Plaintiff, as guardian of Augustus N. Gerhart, incompetent, recovered judgment requiring defendants to deliver to plaintiff as such guardian certain personal property, and requiring defendants Quirk and Harris to deliver to plaintiff, for the use, benefit and occupancy of said Gerhart, certain real property found by the court to be the homestead of said Gerhart. Defendants Quirk and Harris have appealed from said judgment and order denying* new trial.
Appellants contend: (i) That letters of guardianship were erroneously received in evidence to show respondent’s appointment and qualification as guardian; (2) that plaintiff is not the real party in interest, and cannot maintain the action in her own name; (3) that the evidence is insufficient to support the findings; and1 (4) that the trial court erred in amending its findings and judgment by inserting therein the description of the real estate, after motion for new trial, but before filing of order denying the same.
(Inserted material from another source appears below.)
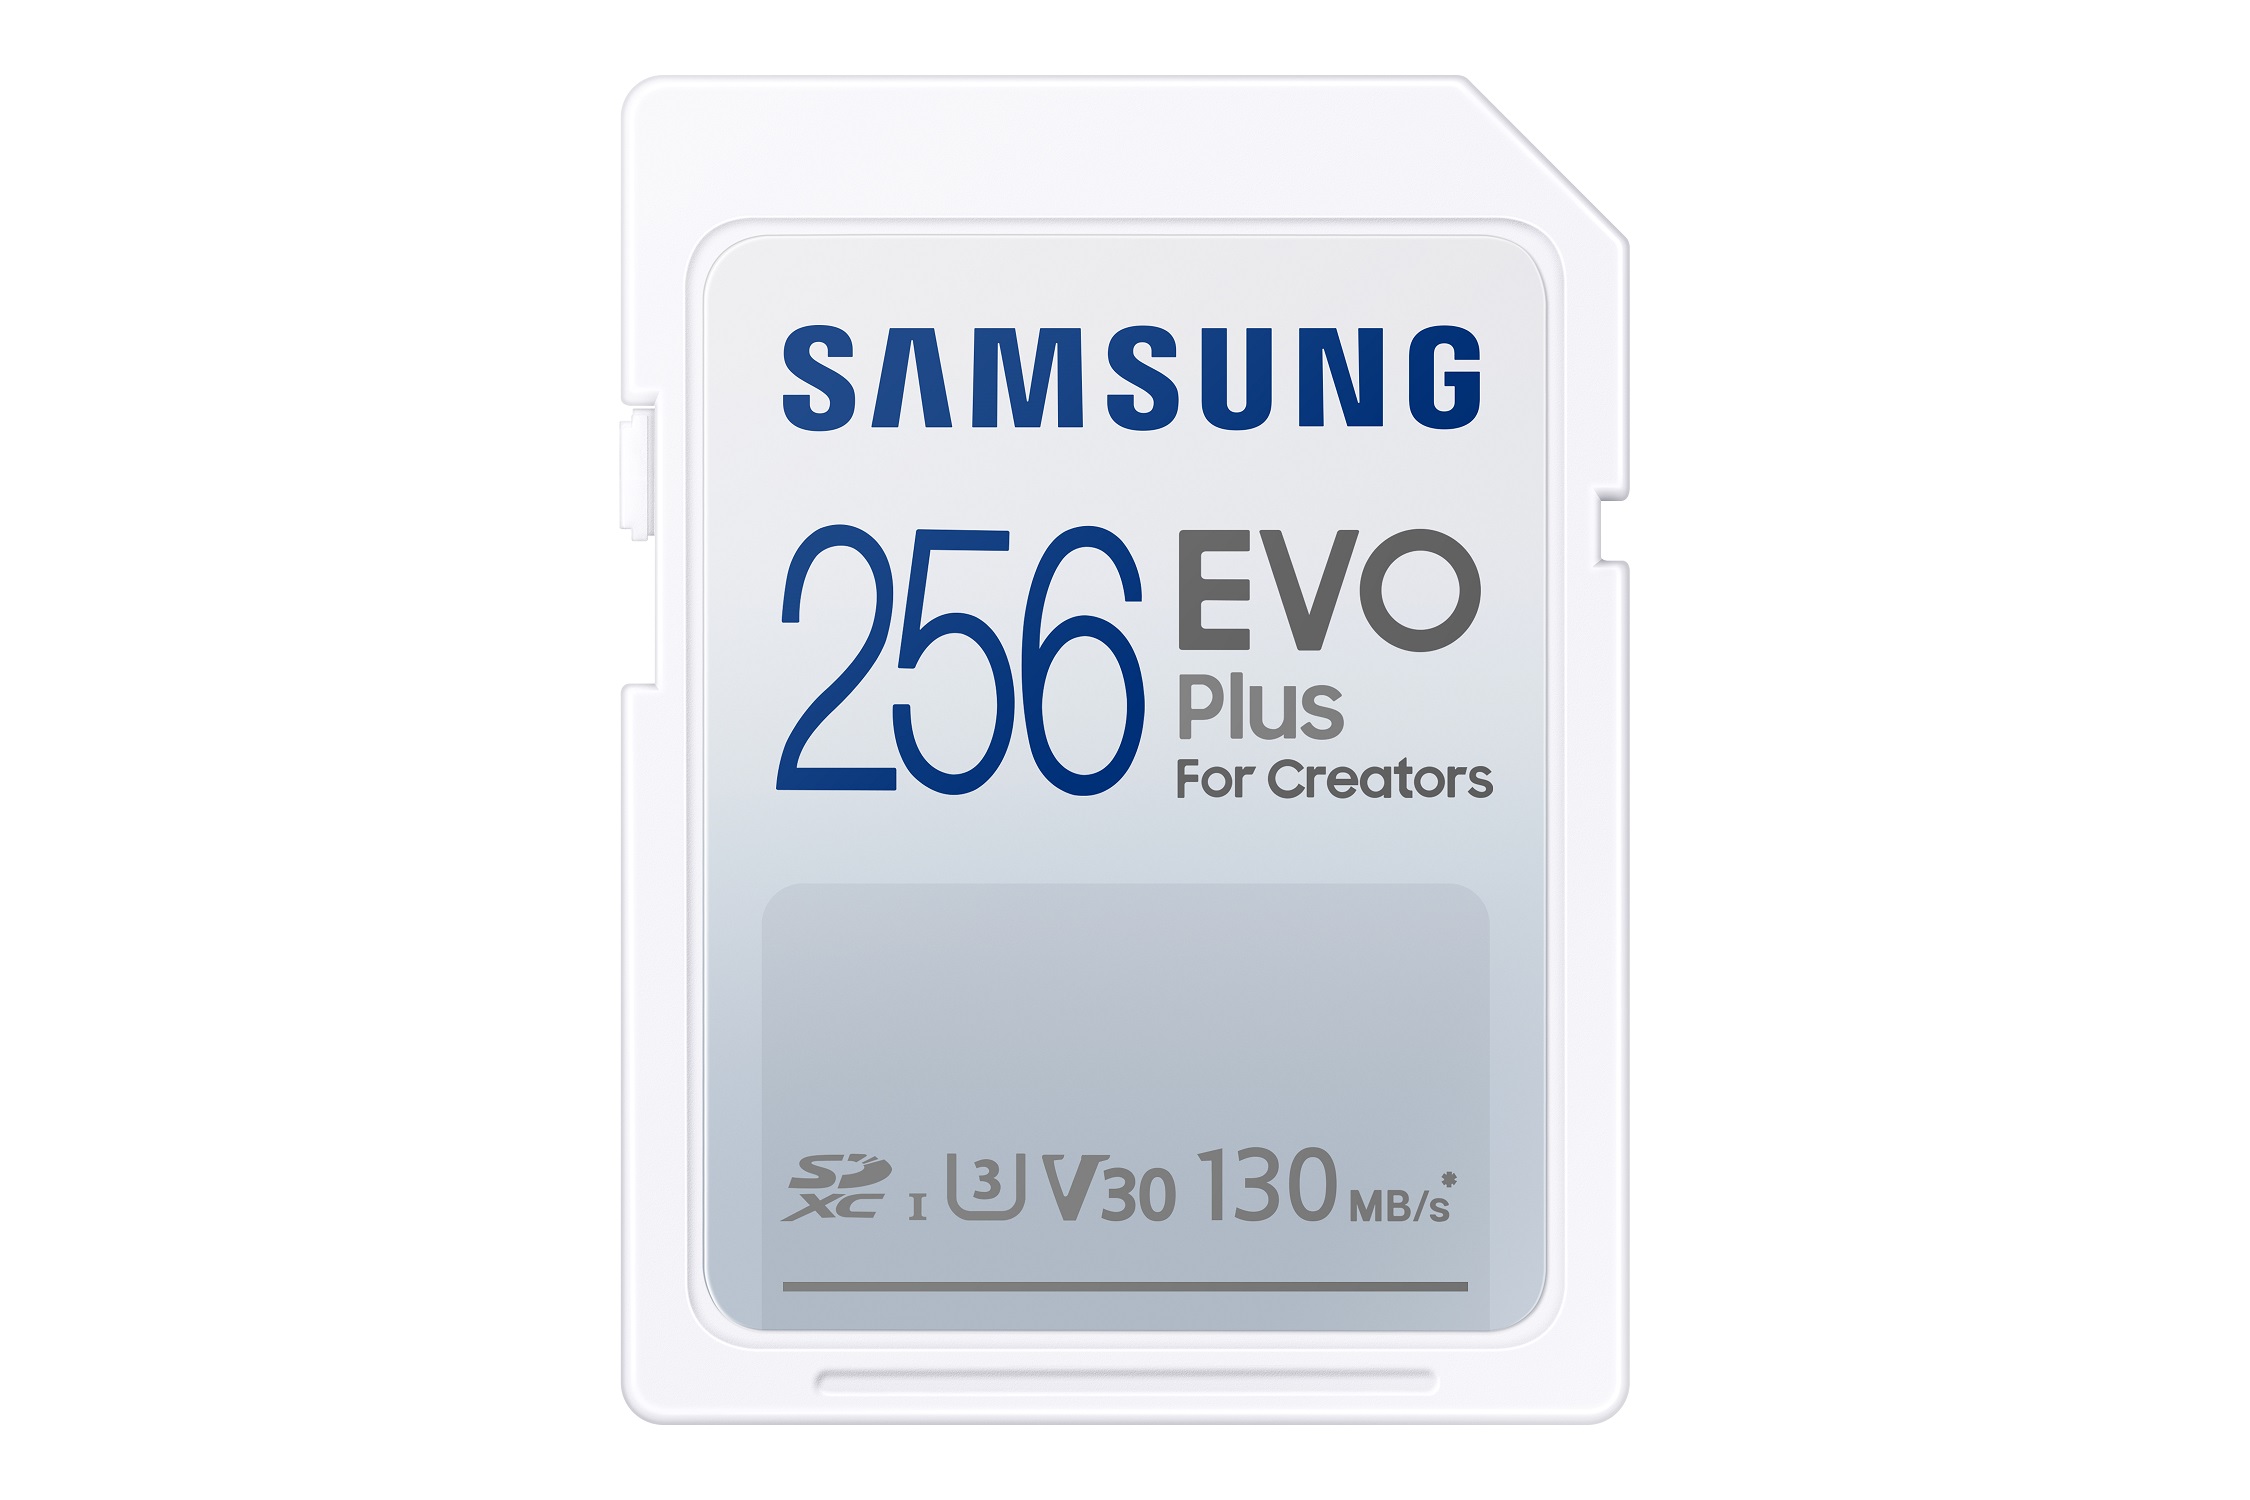 Samsung EVO Plus/SDXC/256GB/130MBps/UHS-I U3 / Class 10
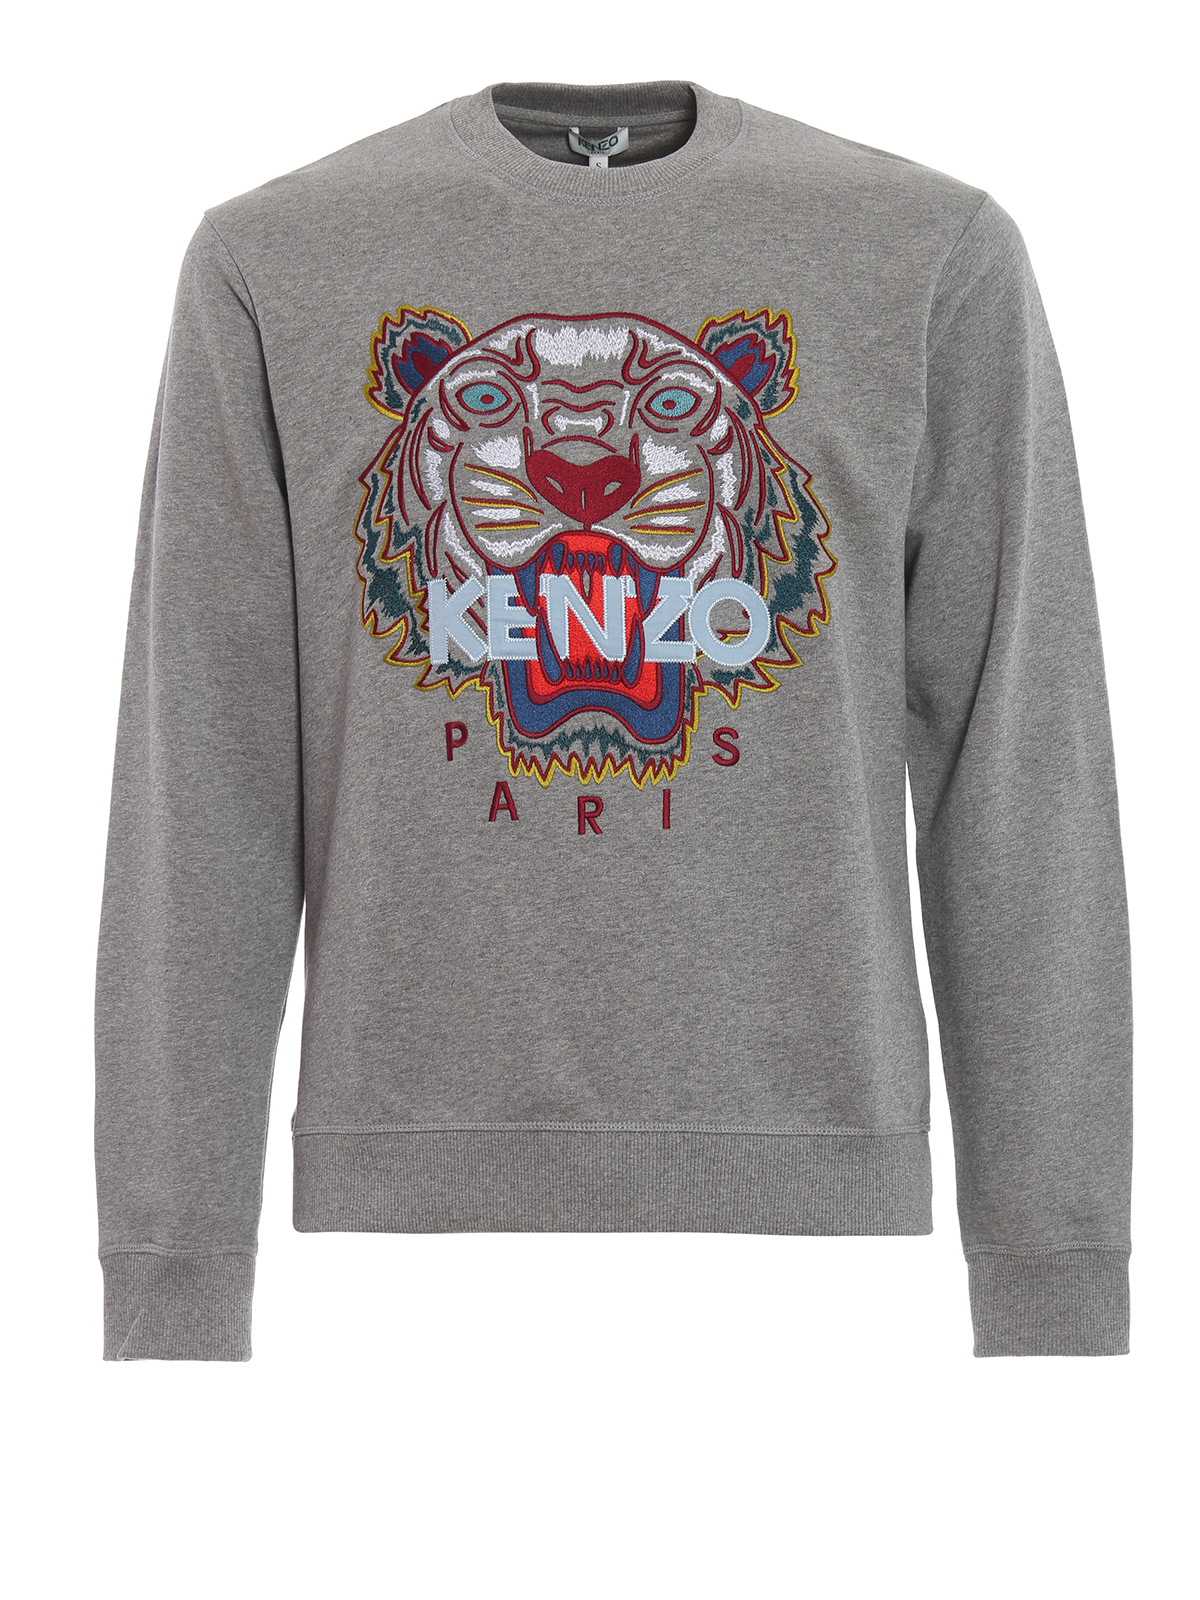 Kenzo - Kenzo Paris Tiger grey cotton

1. Section 3507, R. C. 1919, provides that guardians of incompetent persons shall give bond in like manner as prescribed with respect to guardians of minors. Section 3499 provides that, before letters of guardianship issue, the judge must require a bond with sufficient sureties and specified conditions. Section 3173 provides that the records, orders, judgments, and decrees of the county court are accorded like force, effect, and legal presumptions as the records, orders, judgments, and decrees of circuit courts. Section 3182 provides that orders and decrees made by the county court need not recite the existence of facts or the performance of acts upon which the jurisdiction of the court may depend. The letters of guardianship, being duly authenticated, were properly received, and constituted at least prima facie evidence of respondent’s appointment, and, on failure of appellants to produce contrary proof, became sufficient evidence of such fact. 28 C. J. 1267; Prescott v. Cass, 9 N. H. 93; Eller v. Richardson, 89 Tenn. 575, 15 S. W. 650.
*271 2. While the better practice would have 'been to bring the action in the name of Augustus N. Gerhart, incompetent, by Susie Gerhart, his guardian, this was a technical error, which could have been cured by amendment, and may be disregarded. Richardson v. Kotek, 123 Minn. 360, 143 N. W. 973. Appellants, by failing to aise the objection that there was a defect of parties either by demurrer or answer, must be held to have waived the same. Section 2352, R. C. 1919. In J. I. Case Threshing Machine Co. v. Pederson et al, 6 S. D. 140, 60 N. W. 747, the following language was used:
“With certain exceptions, not applicable to the case under consideration, section 4870 of the Compiled Laws [now section 2306, R. C. 1919] provides that every action must be prosecuted in the name of the real party in interest; and, although the requirement seems to be mandatory, it is not available unless raised by answer or demurrer. * * * ”
See, also, Mather v. Dunn, n S. D. 196, 76 N. W. 922, 74 Am. St. Rep. 788; Anderson Lumber Co. v. National Surety Co. 49 S. D. 235, 207 N. W. 53, 57.
3. The title to the real estate involved was held by a former wife of said 'Gerhart, and was occupied by him and said wife as their homestead at the time of her death, and continued thereafter to be so occupied by said Gerhart until early in 1919, when he went to Hot Springs and New Orleans for medical treatment. He never regained his health, but later returned to Pierre, S. D., where he resided at the time of the trial. He never acquired a homestead other than the one involved, and it did not appear that he did not intend to return thereto, and, aside from the fact of his absence, there was no evidence that he intended to abandon the same. Mere absence even for a long period of time? is not in itself sufficient to establish abandonment. Warner v. Hopkins, 42 S. D. 613, 176 N. W. 746; Yellow-Hair v. Pratt, 41 S. D. 190, 169 N. W. 515; Same Case, 44 S. D. 136, 182 N. W. 702; 13 R. C. L. 648. A discussion of the further particulars in which the evidence is claimed to be insufficient would serve no useful purpose.
4. That courts have power to amend judgments by supplying omissions is well established. There was proof of the *272description of the property, and the failure to include such description in the original findings and judgment was a mere inadvertence, and the amendment- was not prejudicial. Carney v. Twitchell, 22 S D. 521, 118 N. W. 1030; 34 C. J. 237, and numerous cases cited. For exhaustive note, see 10 R. C. L. 26.
The judgment and order appealed from are affirmed.
KNIGHT, Circuit Judge, sitting in lieu of DIERON, J.